The accused was convicted pursuant to his pleas, entered in accordance with a pretrial agreement, of behaving himself with disrespect toward a superior commissioned officer and communicating a threat, in violation of Articles 89 and 134, Uniform Code of Military Justice, 10 U.S.C. §§ 889 and 934, and, contrary to his pleas, of sleeping on post, in violation of Article 113, Uniform Code of Military Justice. He was sentenced to a bad-conduct discharge, confinement at hard labor for 3 months, and forfeiture of *650$248.00 per month for 3 months. Although the pretrial agreement provided for suspension of the. discharge, the convening authority approved the sentence adjudged, including an unsuspended discharge, after invoking a post-trial misconduct provision which voided the agreement. Contrary to the recommendation of the staff judge advocate that the findings of the Article 113 violation be modified, the supervisory authority approved the sentence without change and the findings by implication.1
We reject the accused’s contention that the clause in the pretrial agreement, providing that his post-trial misconduct before the date of the convening authority’s action would nullify the agreement, was void as against public policy. United States v. Jacox, 5 M.J. 537 (N.C.M.R.1978). See also, United States v. Pryor, 3 M.J. 737 (N.C.M.R.1977). Although the military judge’s inquiry into the terms of the pretrial agreement, including the post-trial misconduct clause, could have been more detailed, it was adequate.
It appears, however, that contrary to the requirements of United States v. Goode, 23 U.S.C.M.A. 367, 50 C.M.R. 1, 1 M.J. 3 (1975), the convening authority based his decision not to honor the sentence-suspension provision in the pretrial agreement on, among other things, matter which the accused was not afforded the opportunity to rebut before the convening authority took his action.

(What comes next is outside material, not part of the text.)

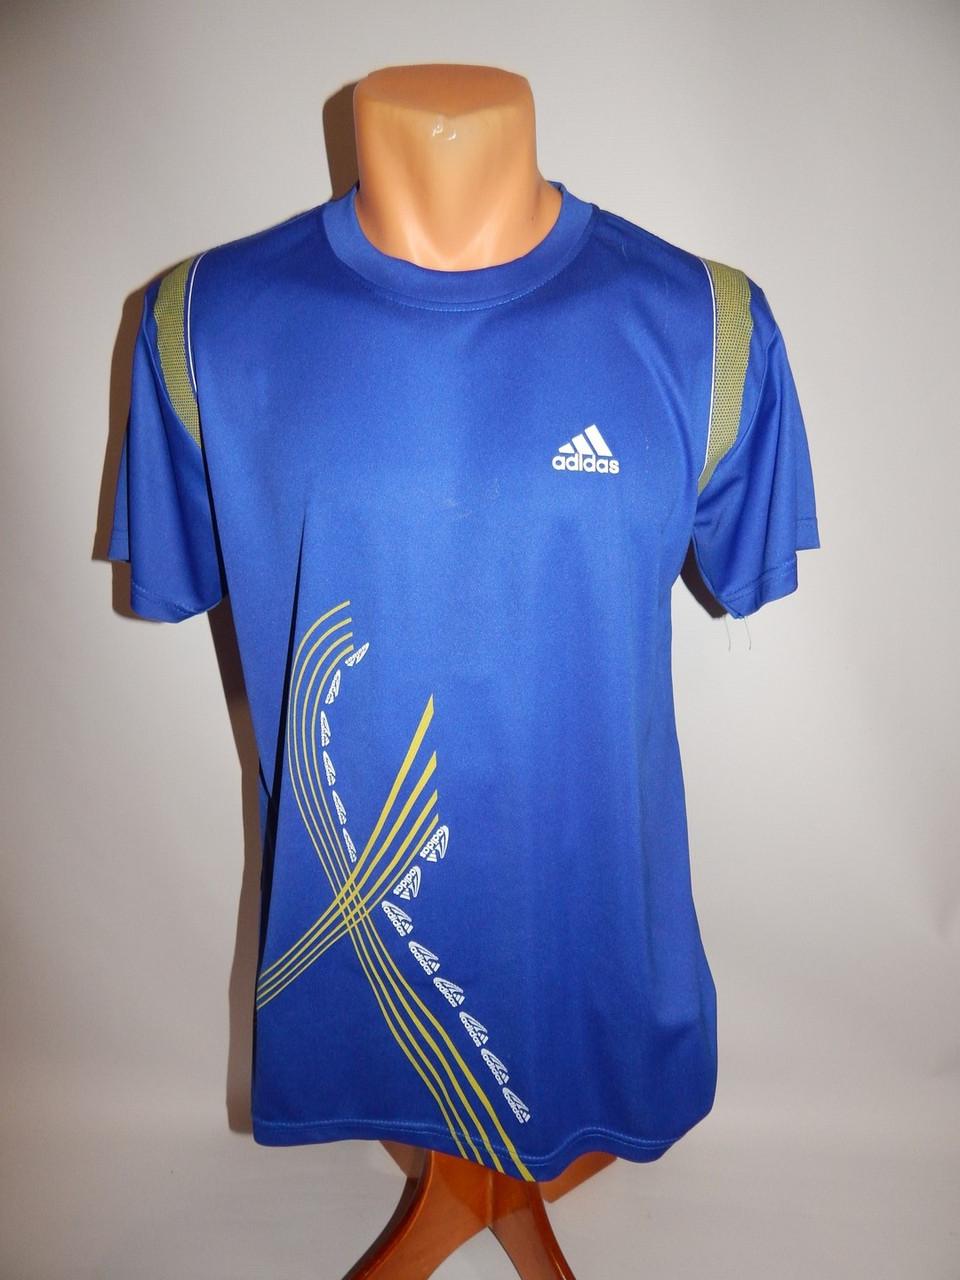 a829ca9bf9a Мужская спортивная футболка Adidas реплика р.48 026Ф   продажа

Inasmuch as the accused had his best opportunity to obtain clemency at the convening authority level, the error' could not be remedied by affording him an opportunity for rebuttal after the convening authority acted, unless the convening authority’s action were set aside. In view of the length of time that has elapsed since the trial, alleged post-trial misconduct, and action of the convening authority, the ends of justice will best be served by modifying the approved sentence at this level in accordance with the sentence suspension provision in the pretrial agreement, vice returning the record for another convening authority’s action. Cf. United States v. Scott, 4 M.J. 205 (C.M.A.1978).
The accused also complains of the unexplained approval by the supervisory authority of the finding of guilty of the Article 113 violation, contrary to the advice of his staff judge advocate, who recommended approval of the lesser included offense of dereliction of duty. We shall modify the findings, vice returning the record to the supervisory authority for the explanation required by paragraph 85c, Manual for Courts-Martial, United States 1969 (Revised edition). The accused’s remaining assignment of error is rendered moot by our disposition.
The findings of guilty of Charges II and III and the specifications thereunder are affirmed. Only so much of the finding of guilty of the Additional Charge and its specification is affirmed as finds that, at the time and place alleged, the accused was derelict in the performance of his duties as assistant duty NCO for the unit alleged by negligently failing to remain awake, as it was his duty to do, in violation of Article 92. Upon reassessment, only so much of the sentence as provides for a bad-conduct discharge, probationally suspended until 17 July 1977, confinement at hard labor for 3 months and forfeiture of $248.00 per month for 3 months is affirmed.
. See MCM, 1969 (Rev.), paras. 85c and 89c (3).